Realizada por ter o tão sonhado filho nos braços, a professora não encontrou no então companheiro a parceria que esperava e viveu de maneira muito solitária os primeiros momentos como mãe. Ao mesmo tempo, se pegava lembrando da infância, do pai penteando seu cabelo crespo com um pente garfo – um dos muitos símbolos de resistência negra –, mas também da mãe, que muito cedo começou a alisar esse mesmo cabelo. “Pensei na foto da minha avó na parede. Quem era essa mulher negra, o que ela tinha a dizer? A maternidade me reaproximou da minha família, da minha ancestralidade”, comenta. “Tive que retomar as memórias que a gente tinha perdido, conversar em casa para poder recuperar e entender que mãe eu era.”

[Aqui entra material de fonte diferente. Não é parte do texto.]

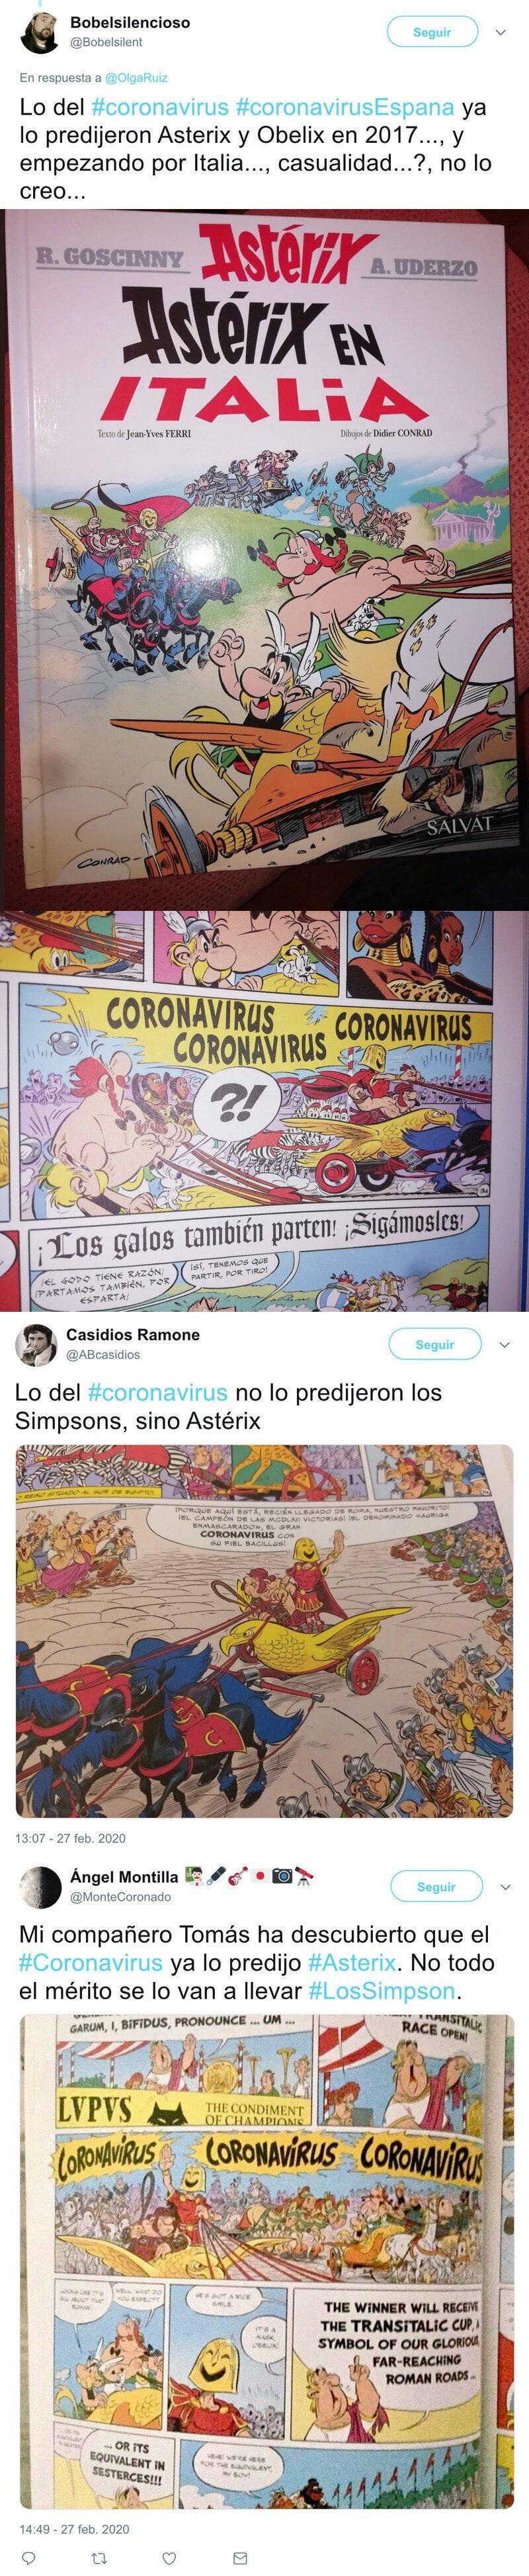 1338 - Me he quedado muy loco al enterarme que en un comic de Asterix en Italia sale un villano llamado CORONAVIRUS, tal cual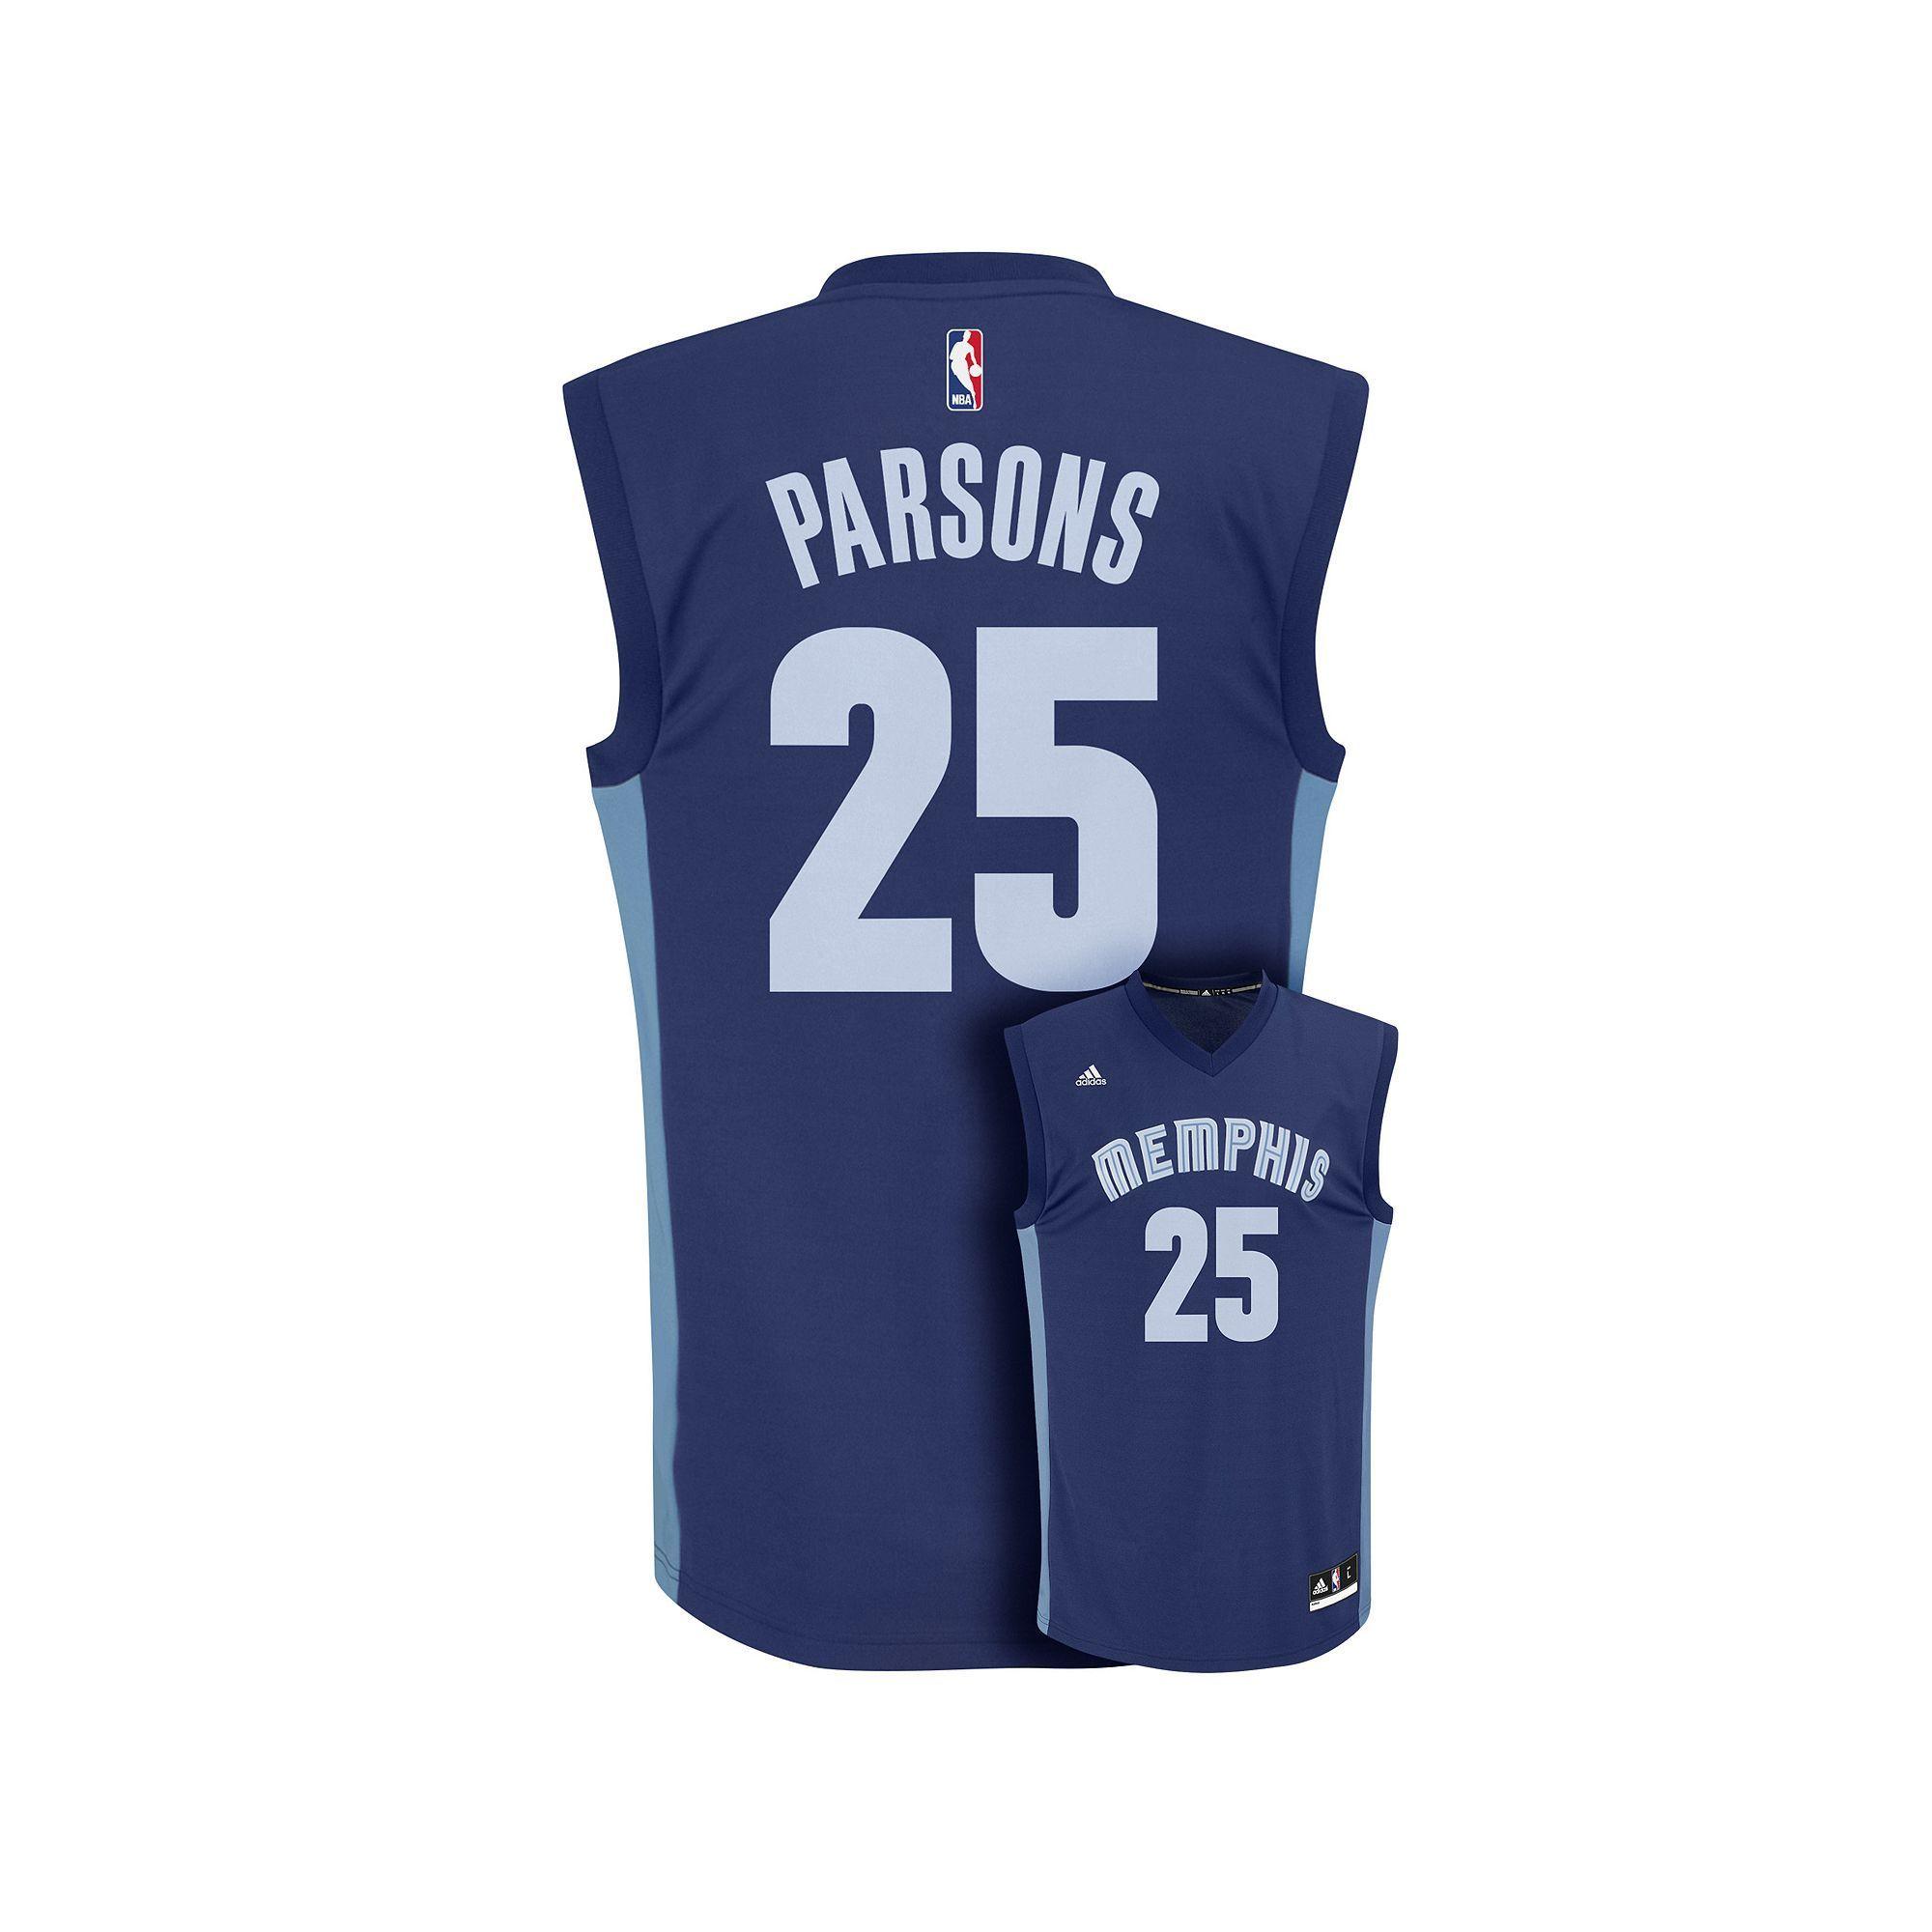 online retailer 3d58a 86b77 Men's adidas Memphis Grizzlies Chandler Parsons NBA Replica ...

Caetano tem a pele clara e Elly entende que as discussões sobre colorismo (entendimento sobre os efeitos sociais a partir do quão escura ou clara é a pele de uma pessoa negra) estarão sempre presentes na sua vivência. “Conversamos com ele desde muito cedo, meu irmão e eu, sobre qual é o papel dele nessa negritude. Filho de uma mulher negra, sobrinho e neto de tios e avós negros, mas com a pele clara”, pontua. Para a professora, embora seja negro, o filho não está entre os que devem ser beneficiados por cotas e outras políticas afirmativas. “Entendo que o lugar de negritude dele é o de abrir portas, de ter uma leitura na sociedade onde ele sempre ocupou um lugar de não ser escondido”, relata. Elly menciona se lembrar de ter sido colocada no fundo, atrás de outras crianças, durante apresentações escolares da sua infância. “O Caetano, ao contrário, com os cachinhos claros, sempre esteve em lugares de evidência nessas situações”, define.

“Dentro da negritude ele tem uma situação privilegiada”, pondera. “Tenho medo quando ele sai sozinho, um adolescente negro, mas sei também que estamos em uma área central da cidade e isso faz diferença. A mãe de um filho negro retinto certamente vive com muito mais medo do que eu”, completa. Morando em região central, Elly também se preocupou em colocar o filho em contato com a cultura negra periférica, ancestral, do rap, do jongo e do maracatu. “Esse aquilombamento é muito importante para a gente.”

Sua aproximação com a ancestralidade passou também a nortear o trabalho e, atualmente, a professora é especialista em ensino de cultura afro-brasileira, inclusive dando cursos para outros docentes sobre o tema. Elly define a maternidade como uma conexão não só com o presente, mas com a memória e uma possibilidade de futuro. “Essa construção de vínculos, que vai para além desse momento.”